То детское неудовлетворенное любопытство давно было забыто в подробностях Никитиным, оставалось тихим, смутным отсветом, однако и в зрелые годы жажда узнавания скрытой чужой жизни приносила ему почти болезненное удовольствие.
– Вот он, – сказал Самсонов. – Читай. «В память солдат и офицеров, погибших и пропавших без вести во вторую мировую войну. 1939–1945 годы». Дальше: «Германия останется, если даже мы все погибнем».
– Что ж, сильно сказано, – проговорил Никитин. – Давай-ка рассмотрим, Платон.
Этот памятник был тяжел, мрачен, чернел смоченным дождем камнем, немо, угольно выступали очертания барельефов, будто размытые темнотой ночи силуэты солдатских фигур, шагающих куда-то плотным строем – в ад или небытие; оружие, каски, едва различимые, без выражения глаз смертные лица. Внизу на каменных плитах угрюмо отблескивали темные железные венки, стояли рядом свежие венки из цветов, прилипали к земле под дождевой пылью траурные ленты с белой и аспидно-черной бахромой, зловеще проступали на них знаки мальтийских крестов, и лежали среди железных венков целомудренные астры, нежно-красные гвоздики, каплями крови обронившие на грязные плиты лепестки, расползшиеся по готическим надписям на венках: «От солдат, воевавших в 225-й пехотной дивизии», «От резервистов бундесвера», «От бывших летчиков», «От бывших танкистов».

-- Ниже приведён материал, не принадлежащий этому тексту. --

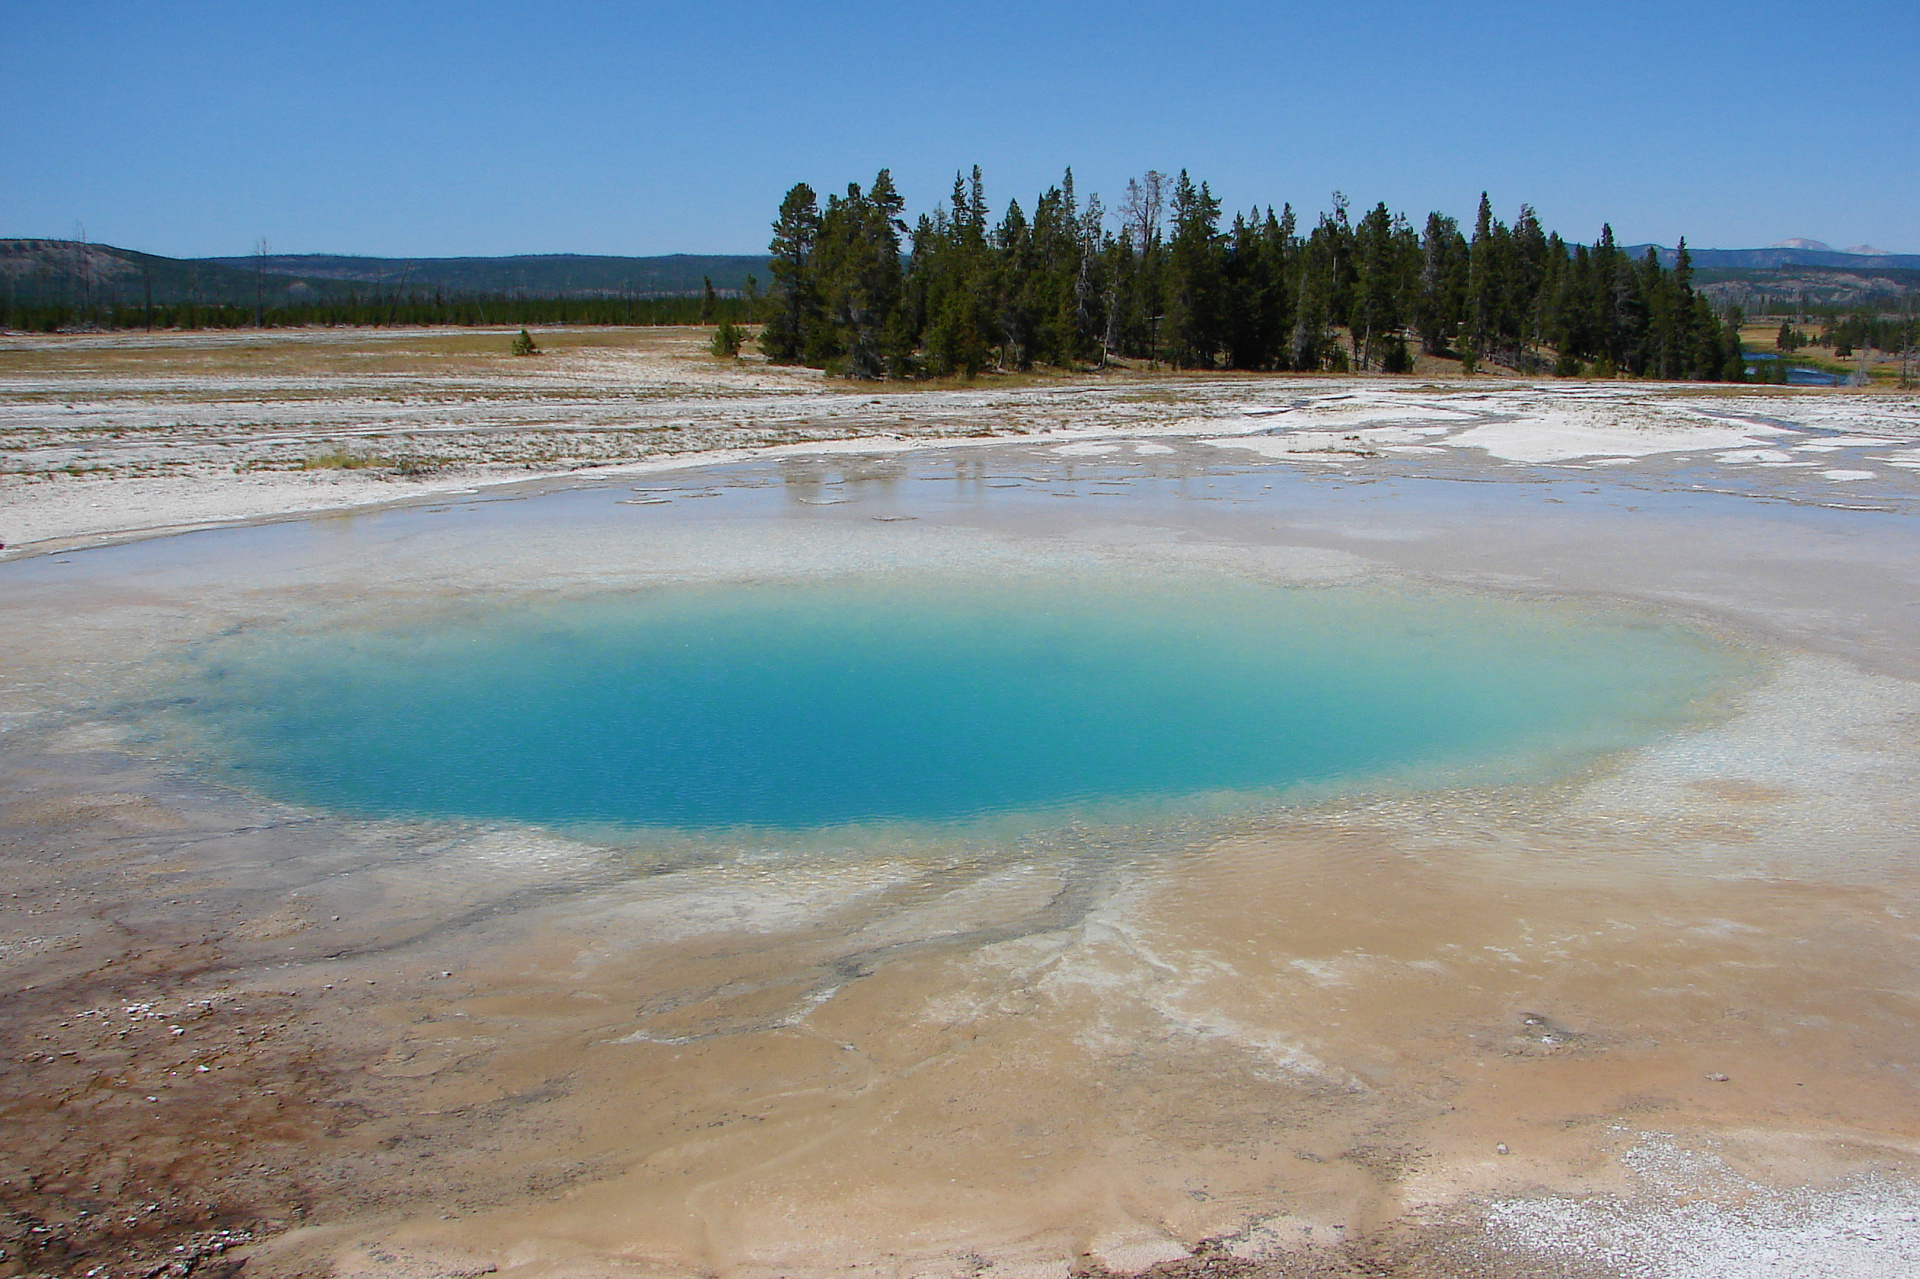 Opal Pool (Podróże » USA: Na ziemi Czejenów » Wielka Podróż » Park Narodowy Yellowstone » Gejzery, gorące źródła i jeziora » Midway Geyser Basin)

И вдруг пахнуло на Никитина железистым запахом земли, и будто послышались явственно какие-то голоса, разрываемые пулеметными очередями, чей-то вопль «танки-и!», вырвавшийся из знойного пульсирования солнца, нанесло удушающим жаром горячей брони, возникшей черным боком в прицеле, его всего оглушило ревом танковых моторов, и разом подкатила к горлу тошнота, вызванная сладковатым, как трупная вонь, густым наплывом синтетического бензина, ударами пороховых газов…
Он вспомнил это, уже не в силах отделаться от ощущения боли в ушах, толчков подбрасываемого выстрелами орудия и от знакомого хрипловатого голоса, просторной, обнажавшей молодые зубы улыбки, дрожания белых коровьих ресниц командира второго взвода Шиканова, чей перерубленный наполовину голый атлетический торс теперь висел на ветвях сосны, напоминая подвешенную розовую тушу. Он видел: что-то ужасающе красное обрызгало, стекало по щиту поковерканного орудия, впитывалось в белый накаленный песок вблизи тихой реки Псел, вспыхивающей справа под нестерпимым солнцем. Танки пошли в атаку по левому берегу, и взвод Шиканова первым занял позицию на опушке урочища и не успел окопаться, открыл огонь, опередив на два снаряда взвод Никитина.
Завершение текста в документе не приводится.